Ruby Scripting

I stumbled across and bought(support authors when you can!) really good book Text Processing with Ruby by Rob Miller which is about..well.. ruby...you see so many examples of ruby code on the web...little snippets on arrays or hashes...but really what is ruby for?

Ruby the language(before Rails) basically is a replacement for PERL. Now...why Perl had to be replaced...or for that matter...any language..is still a bit of a mystery to me especially when you get down to the code and see base libraries carried over from one to the next.

Maybe computer languages are like money...money needs to flow they say in order to do what it does. Maybe computer languages have to change or in a sense flow also to stay alive.

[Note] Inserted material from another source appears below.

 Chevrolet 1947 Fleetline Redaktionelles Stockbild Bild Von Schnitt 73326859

This section of my blog is about using ruby then in the context of scripting. It will highlight and ideally pass on what I have learned about ruby scripting that I would like to a) remember and b) remember.

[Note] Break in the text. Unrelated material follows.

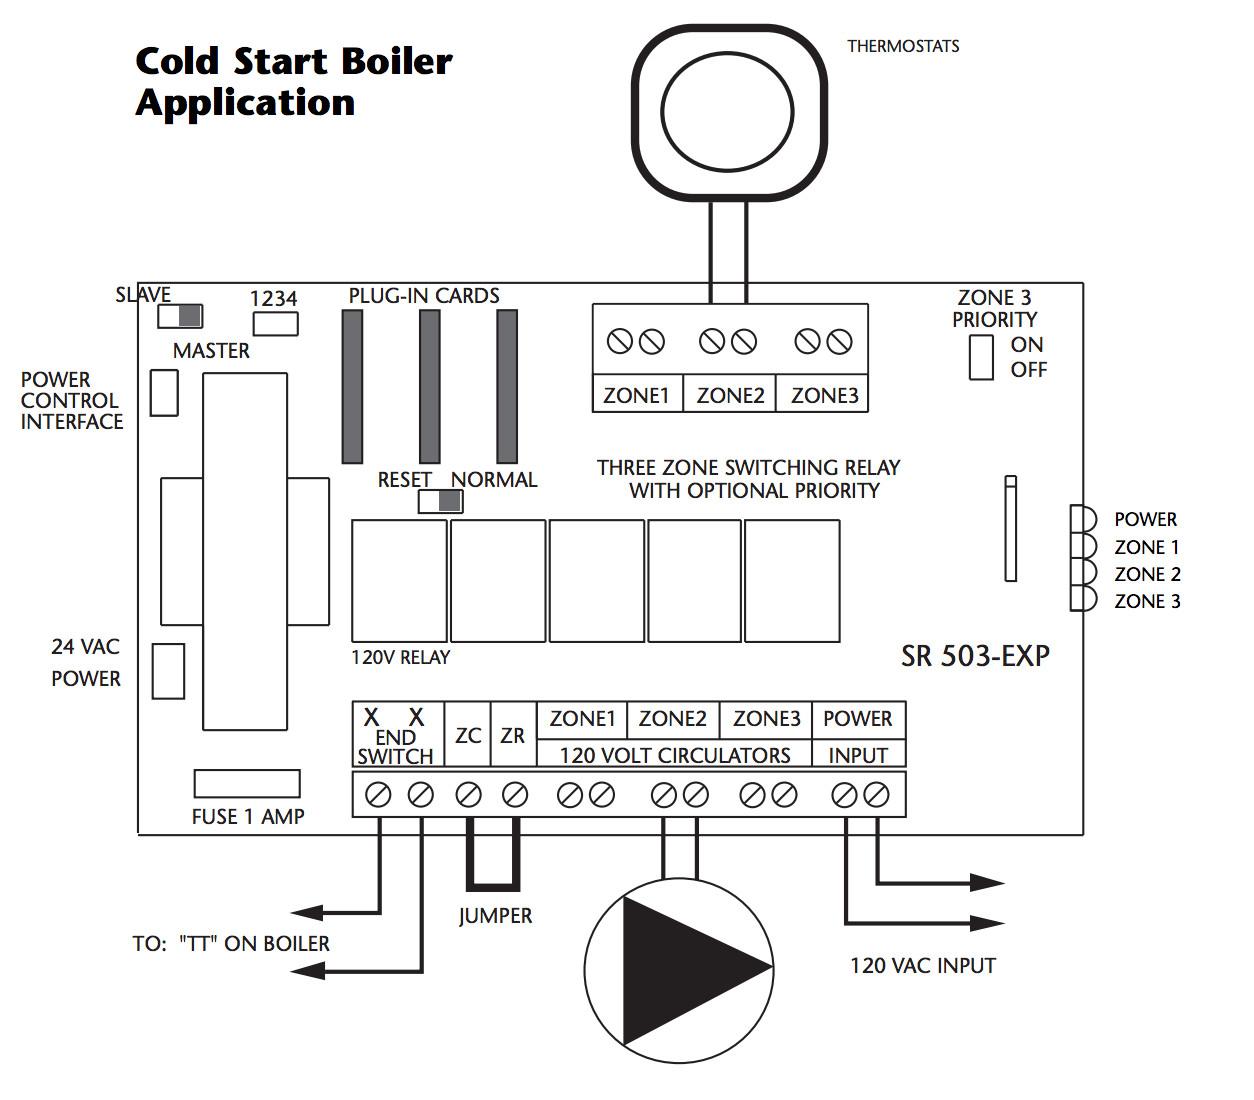 taco 00 circulator wiring schematic diagram Taco Pump Curves taco 006 wiring diagram schematic diagram taco circulator pump relay taco cartridge circulator wiring diagram all

My main goal for working with ruby at all is because it is the language that Ruby on Rails is created in, but for me...hey..its all good. And who knows...maybe this stuff will come in handy someday.

Concepts of interest

  • Why scripting?

"I've always found it more satisfying to extract some sort of meaning from a jumble of low-quality data than to design an algorithm or create an elegant formal proof. There's something pleasingly tangible about this sort of work..."
( Rob Miller - Text Processing with ruby blog.)

The Shebang

Ever wonder how it is that you can just enter commands in the shell and they run? Well within the context of a ruby script, to do that you need to do the following.

  • At the top of your script, put the shebang with the following format, which allows us to call our script directly without prefixing the call with ruby.
  • To be able to call your script from anywhere, put it in a directory within your path. A common place might be /usr/local/bin
  #!/usr/bin/env ruby

The unix ENV command tells the shell to use ruby, and to locate it as different systems might have it in different places.

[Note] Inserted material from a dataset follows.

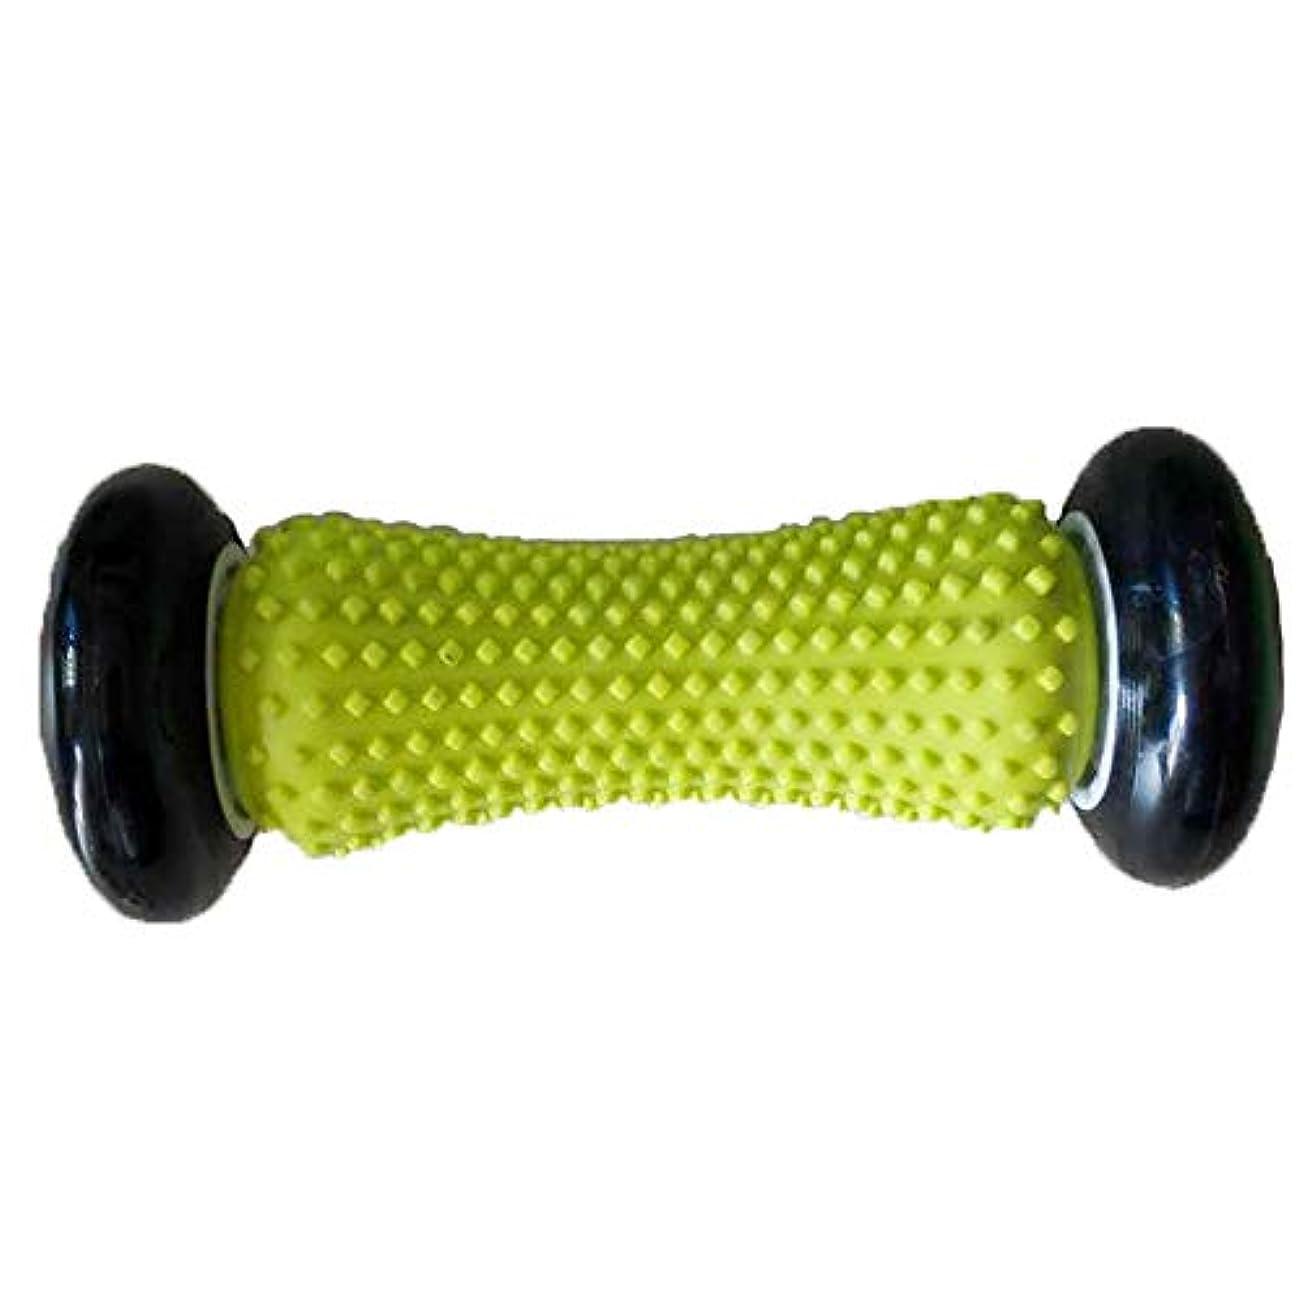 約設定禁止する匿名足のマッサージローラー足の痛み緩和マッサージ、またはリリーフ足の筋膜炎、リラックスフットバックレッグハンドタイトマッスル,Black

  • Make sure the file is executable in terms of authority. One version of CHMOD to do that is as follows:
  $ chmod +x  scriptname

ruby arguments

(Thanks to Rob Miller for these code examples)

Within the context of ruby scripting, the ruby interpreter accepts some very useful and practical arguments. This is useful in the sense that you don't always have to write and keep a script in a file particularly for one-time jobs. Also of course, when you are designing or trying out ideas for a script, it gives you the ability to start experimenting with what can be done from the shell.

The -e argument

ruby normally assumes that it is being passed a file. With the -e argument you can pass code to ruby that will be evaluated.

$ ruby -e 'puts "Hello world"'    # Hello world
The -n argument

This allows us to read from STDIN without coding it in our actual script, or specifying it in the -e code. This means that the code we pass in the -e argument is executed once for each line in our input. The content of the line is stored in the $_ variable.

So the following snippets are equivalent(from Ruby scripting)

$ printf "foo\nbar\n" | ruby -e 'STDIN.each { |line| puts line.upcase }'

$ printf "foo\nbar\n" | ruby -ne 'puts $_.upcase'  # shorted code with $_ variable

It's like the -n arguement creates a "do while" get over standard input.

while  gets_stdin
execute -e code
end

One nice thing about the global variable $_ is that many useful methods have it as their default to further simplify things.

For example print called with no arguments will default to $_ so you can say:

 $ printf "foo\nbar\n" | ruby -ne 'print'  #using default
 printf "foo\nbar\n" | ruby -ne 'print if $_.start_with? "f"' #foo(show only starting with f
 printf "foo\nbar\n" | ruby -ne 'print if /^f/' #use a regexp

The 2nd example uses $_.start_with? to select certain lines. Cool. And even coooooler...regular expressions work with $_ as shown in the third example. Another shortcut.....gsub also defaults to $_ !

The -p argument

The -p does everything the -n does PLUS it prints also! Too much!

Text line processing notes

Within the context of text process it is common to use the following terms :

  • conditional output: the output is based on a condition, like a regexp
  • filtering: this is where we modify the output, say with the cut method.